Let's talk about the performance capability of the PC running DSP algorithms
- Functions include filtering, signal selection, noise blanking, 
demodulation
- Linrad uses a series of FFTs that consume most of the processing
- Linrad consumes about 20% of CPU for 96 KHz bandwidth from a sound card
- Estimate CPU performance: 2 GHz clock, 1 Floating Point 
instruction/clock = 2G flops
- Estimate equivalent bit rate: 100 KHz clock x 16 bits/sample X 2 IQ 
sample/clock = 3.2 Mbps
- Estimate processing per interface bit or sample in the interface
- 2G FLOP/sec * 20% load / 3.2Mbps = about 120 instructions per bit
- 2G FLOP/sec * 20% load / 100k samples/sec = about 4000 instructions 
per sample

Pay attention to the number of instructions per sample, that's the most 
important number. It's a bit of a rough estimate, but it's based on a 
real example (Linrad). This means that it takes a lot of number 
crunching for each A/D sample. Worse, the amount of processing required 
grows exponentially with wider IF bandwidth.
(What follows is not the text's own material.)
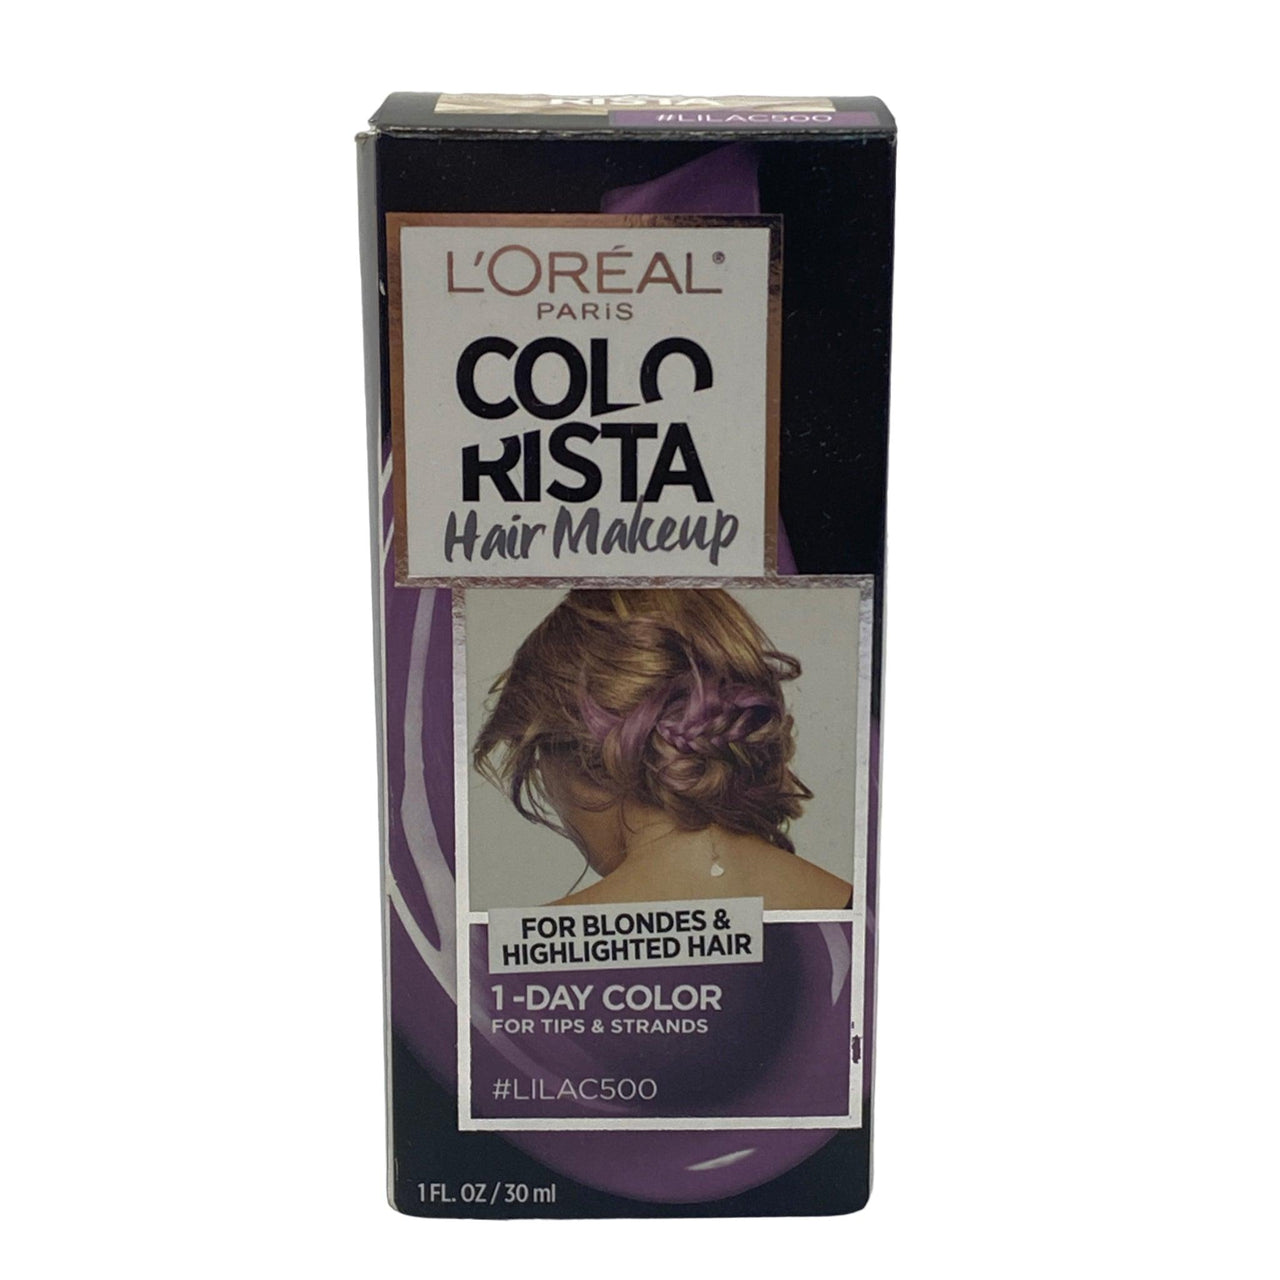 L’Oréal Colorista Makeup 1-day for Blondes & Highlighted (50 Pcs Box) - Discount Wholesalers Inc

Linrad uses a series of FFT's to break down a 96 KHz sample stream into 
SSB or CW bandwidths. The size of the FFTs depends the bandwidth of the 
incoming sample stream. For a wide band SDR, the size of the FFT will 
grow and the processing power also grows by what's called "N log(N)".

As the bandwidth of the SDR grows, the number of FFT bins require to 
break down the bandwidth into digestable chunks grows linearly (by N). 
If we assume that the first FFT breaks the IF bandwidth down into 100 Hz 
bins, it effectively samples a 100 Hz chunk of the band with each FFT. 
To reproduce the signal with an inverse FFT, the FFTs need to repeat 
fast enough to meet the Nyquist criteria for the bandwidth of the 
bin....meaning the FFT has to repeat at greater than 200 Hz plus some 
factors for overlapping and filter skirts...call it 500 Hz or 2000 usec 
for all the the FFT processing.

That give another way to estimate the CPU performance requirements. The 
FFTW web site has a nice formula, http://www.fftw.org/speed/. The simple 
formula for PC performance requirement becomes...
- M FLOPS = 5 N log2(N)/ (time per FFT in microseconds)
where time per FFT is about 2000 usec (for 500 Hz repeat rate)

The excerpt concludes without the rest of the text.